Comme souvent, l’affaire s’est terminée à la police. L’affaire ? Elle oppose deux personnes qui étaient plutôt en voie de partenariat en cette nuit du mercredi 30 juillet.
Frédéric S., 38 ans, mécanicien-chauffeur, et Lovelyne, belle de nuit de 26 ans, dont la carrosserie n’a pas laissé le bonhomme indifférent. Leurs chemins se croisent autour de 18h30 au « Carrefour Combi », non loin de l’entrée du quartier Bilongue, dans l’arrondissement de Douala III.
Après avoir consommé chacun deux bières et un nombre non révélé de pattes de poulet, Frédéric et Lovelyne ont un accord. A en croire les auditions de la police, il y a quand même eu marchandage. La jeune femme a demandé 10.000 F à ce client qui voulait « valser » jusqu’au matin.
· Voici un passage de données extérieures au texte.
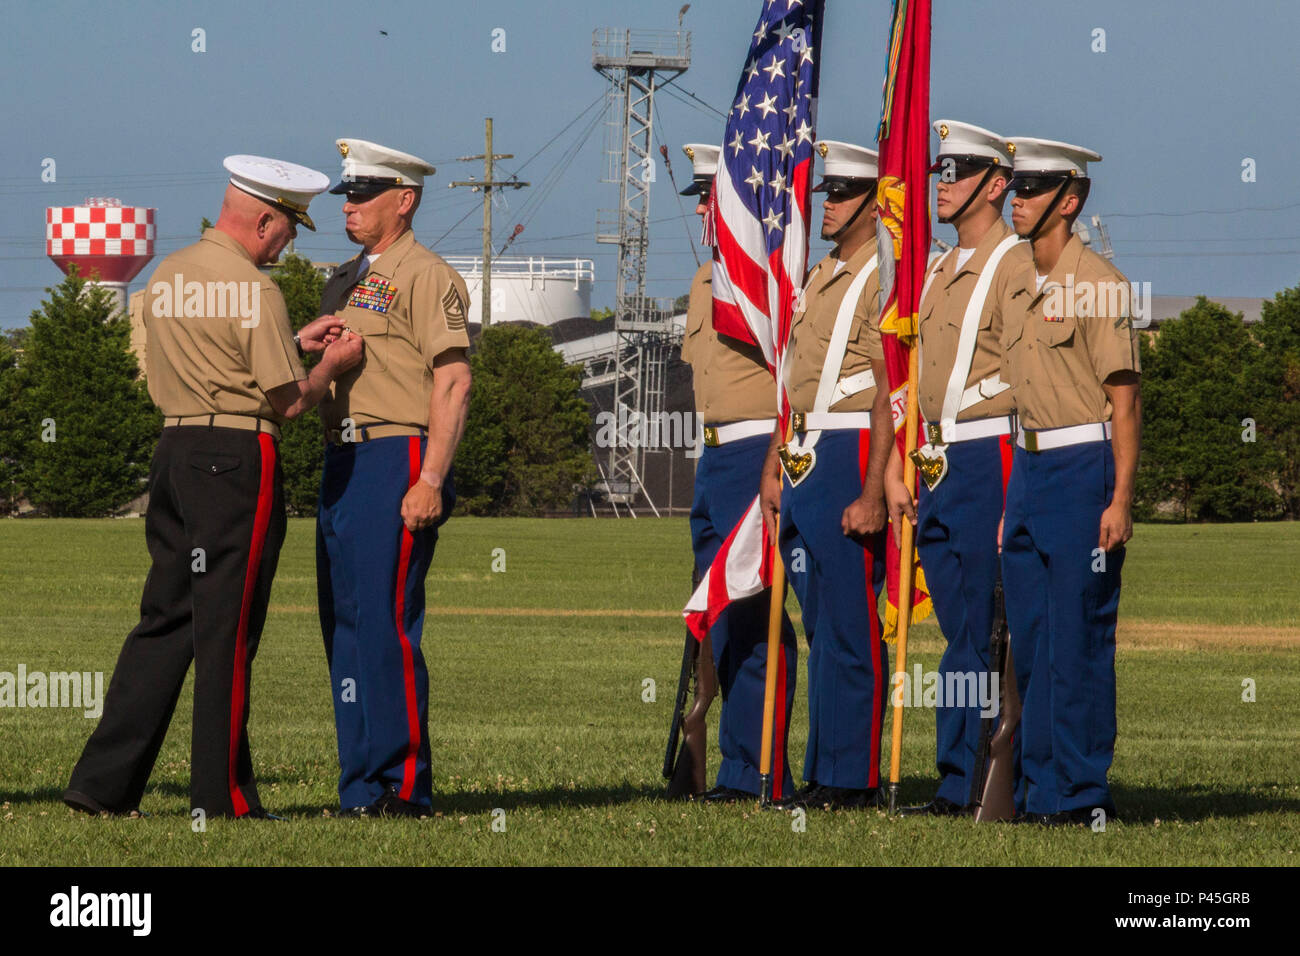 U.S. Marine Corps Maj. Gen. Walter L. Miller Jr. (left), commanding general, II Marine Expeditionary Force, presents Sgt. Maj. Paul A. Berry, with a Legion of Merit Medal during his retirement ceremony, William Pendleton Thomas Hill Field, June 9, 2016. Berry retired after 30 years of honorable and faithful service. (U.S. Marine Corps photo by Lance Cpl. Judith L. Harter, MCIEAST Combat Camera/Released) Stock Photo

Frédéric a proposé 4.000 F, ce à quoi Lovelyne a répondu qu’elle n’était pas de cette catégorie. Son dernier prix : 8.000 F. Avec préservatifs à la charge du requérant.
L’homme lui remet finalement 7.500 F, promettant que les 500 F manquants serviront à l’achat des condoms. Le matin, au moment du petit-déjeuner qu’il promet de lui offrir, il complétera la somme, assure-t-il. Lovelyne appelle le concierge d’une auberge de fortune vers « Elf » et réserve une chambre.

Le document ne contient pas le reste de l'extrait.